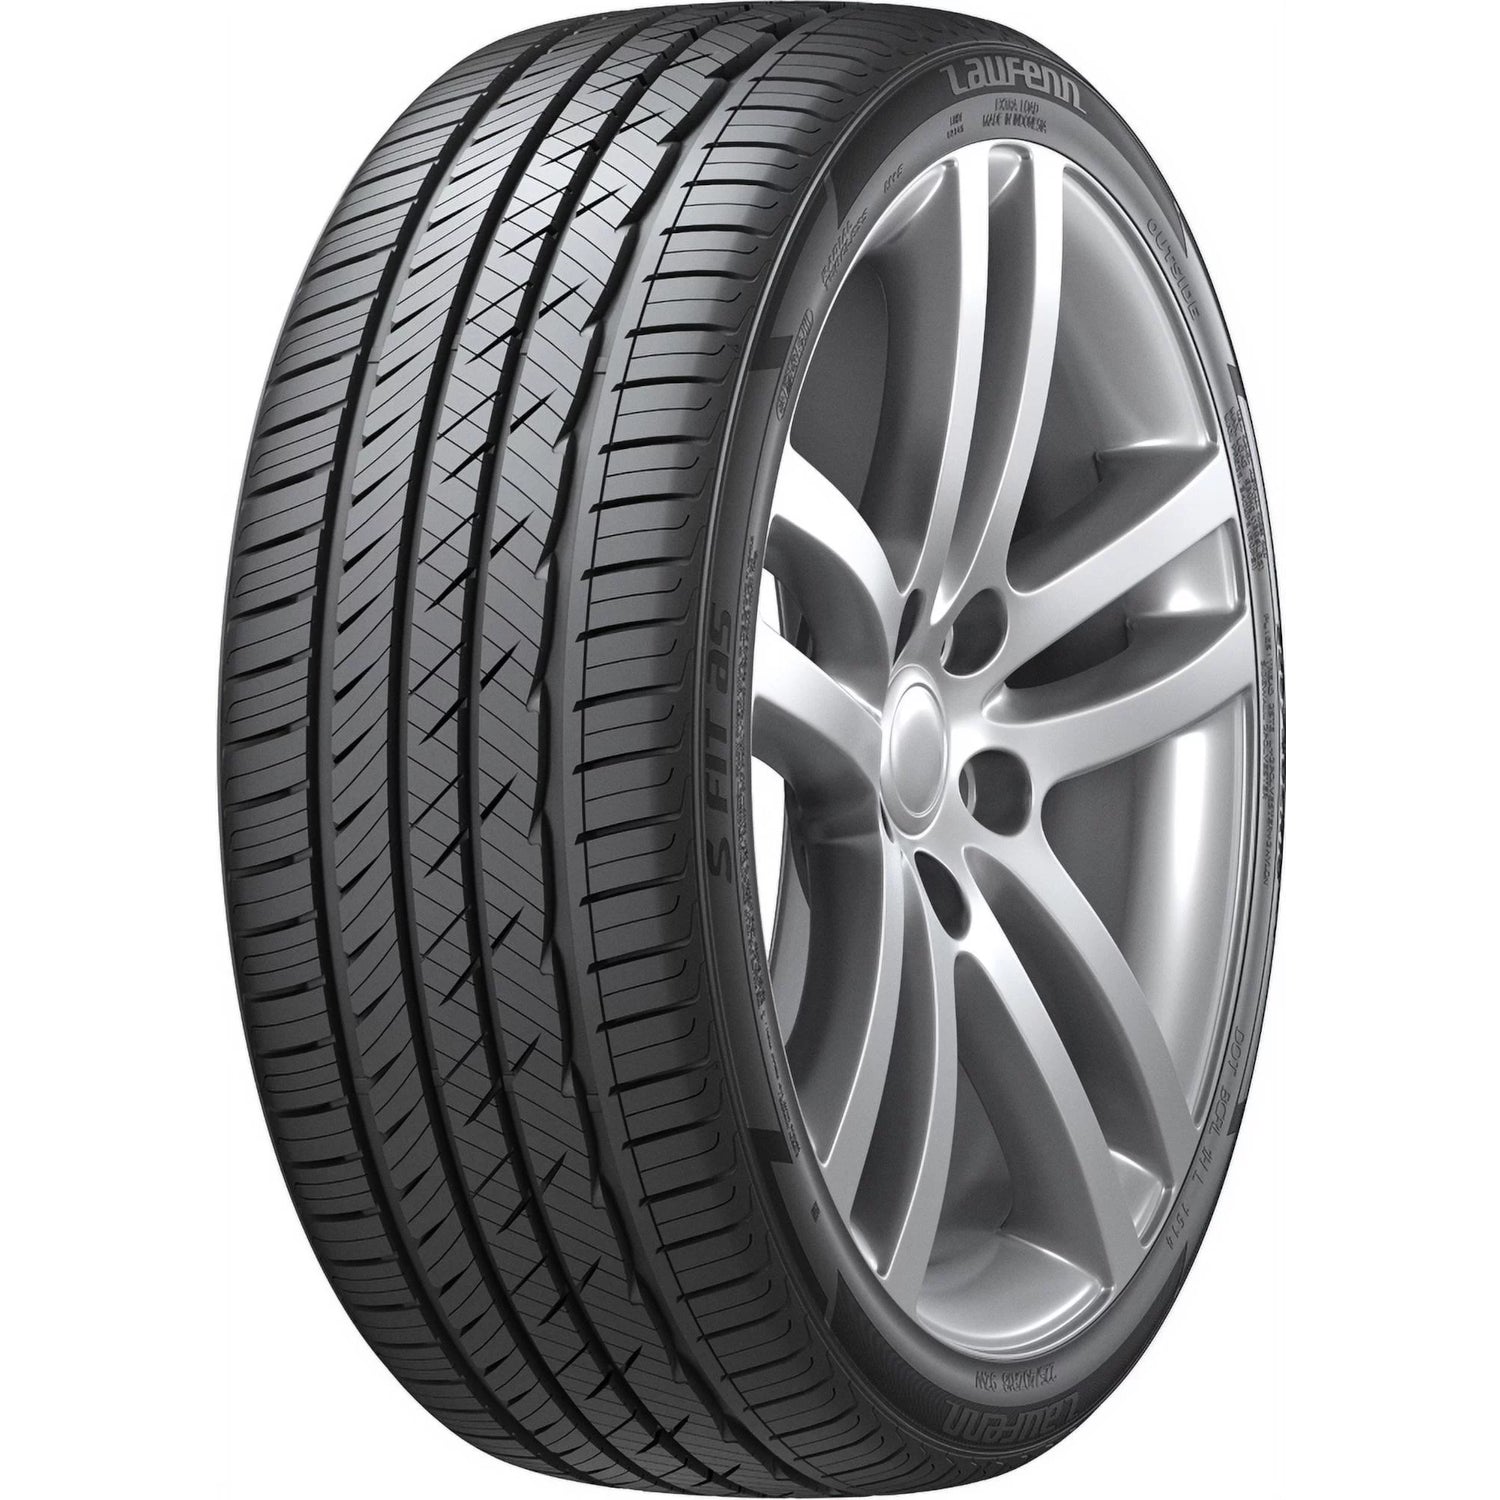 LAUFENN S FIT AS 275/55R19 (30.9X10.8R 19) Tires
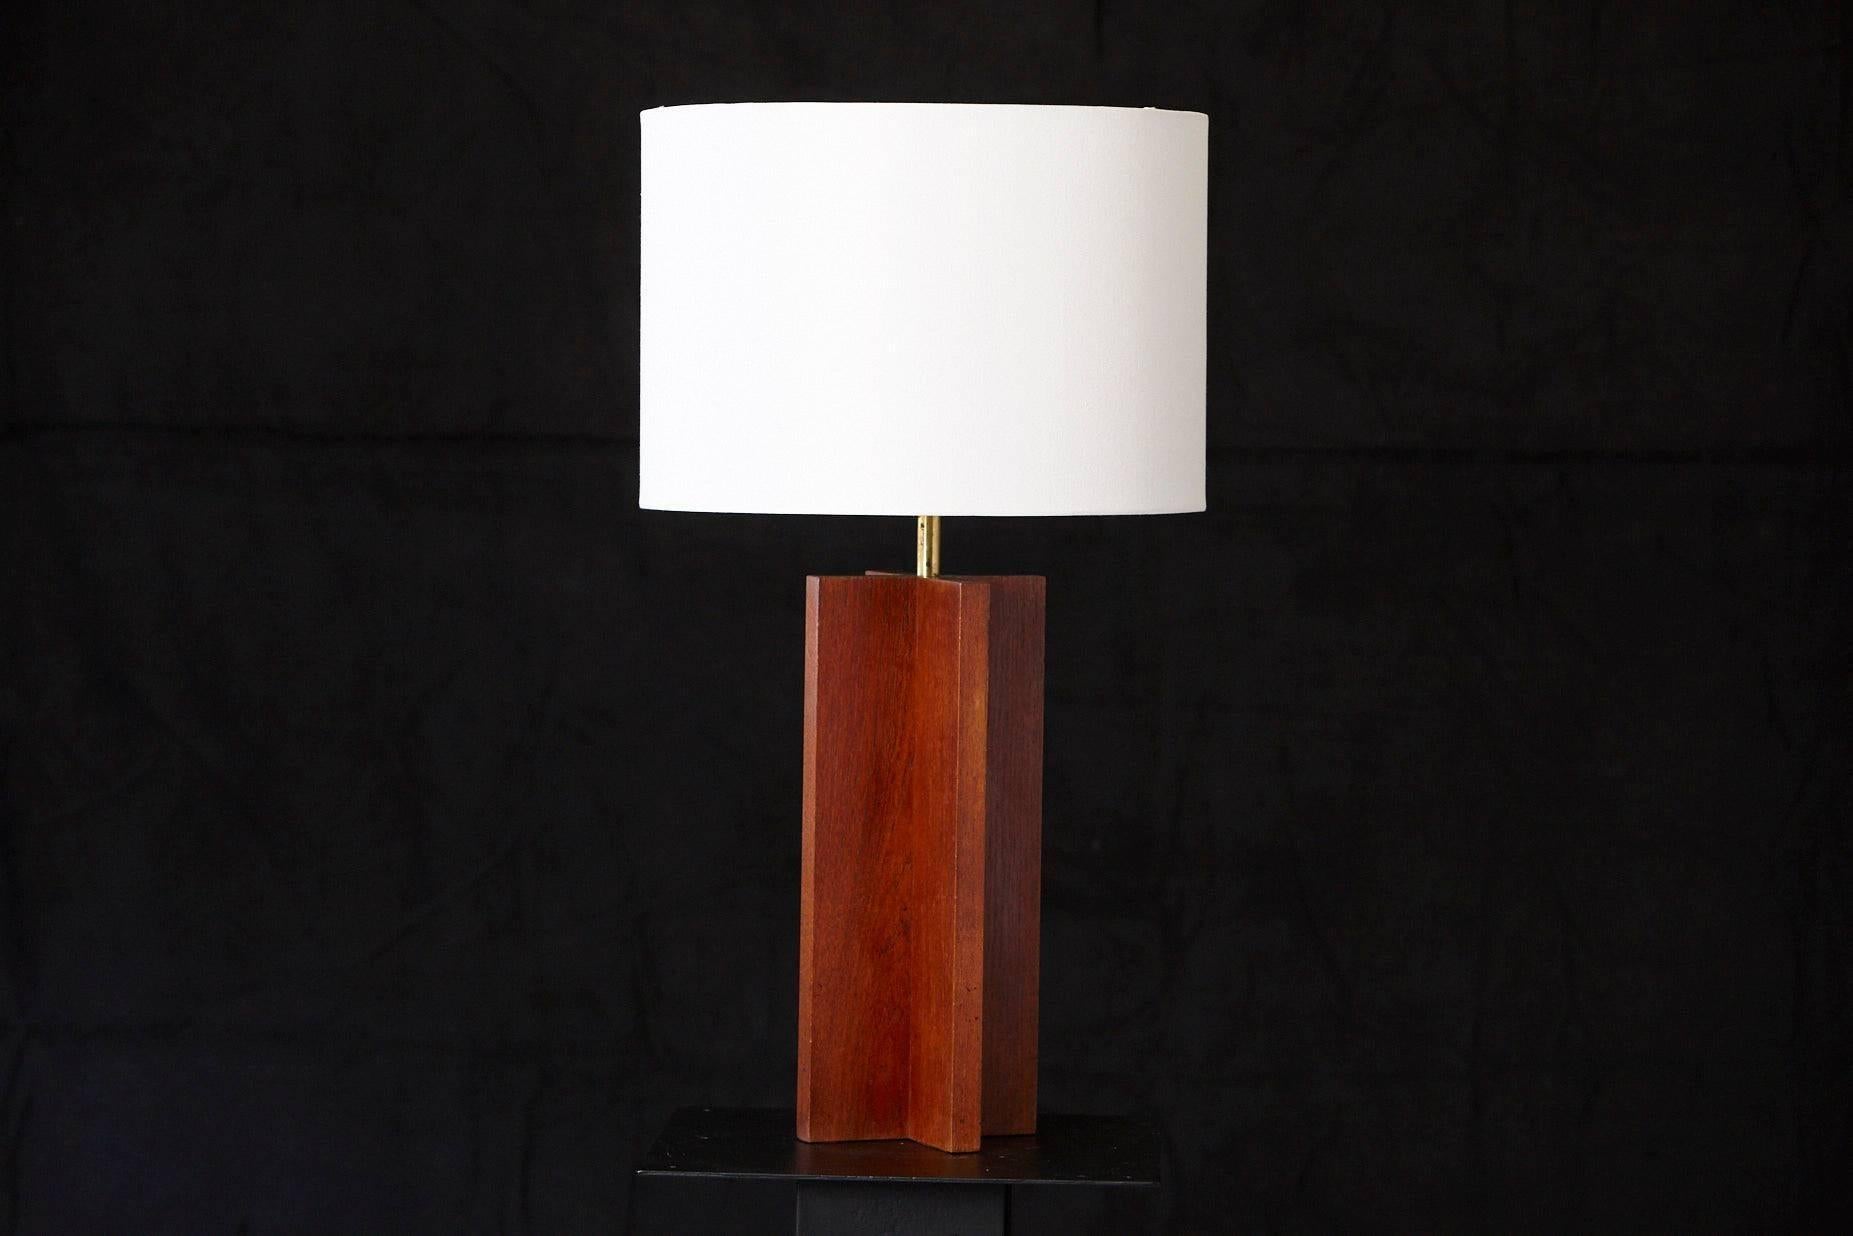 Lampe de table cruciforme en chêne massif, minimaliste et pure.
Dimensions : de la hauteur à l'épi de faîtage 33 in.

....

After locating the line that contains "Lampe de table", output it and all later lines through the end of the material exactly, leaving out pictures.

 Lampe de table cruciforme en chêne massif, minimaliste et pure.
Dimensions : de la hauteur à l'épi de faîtage 33 in.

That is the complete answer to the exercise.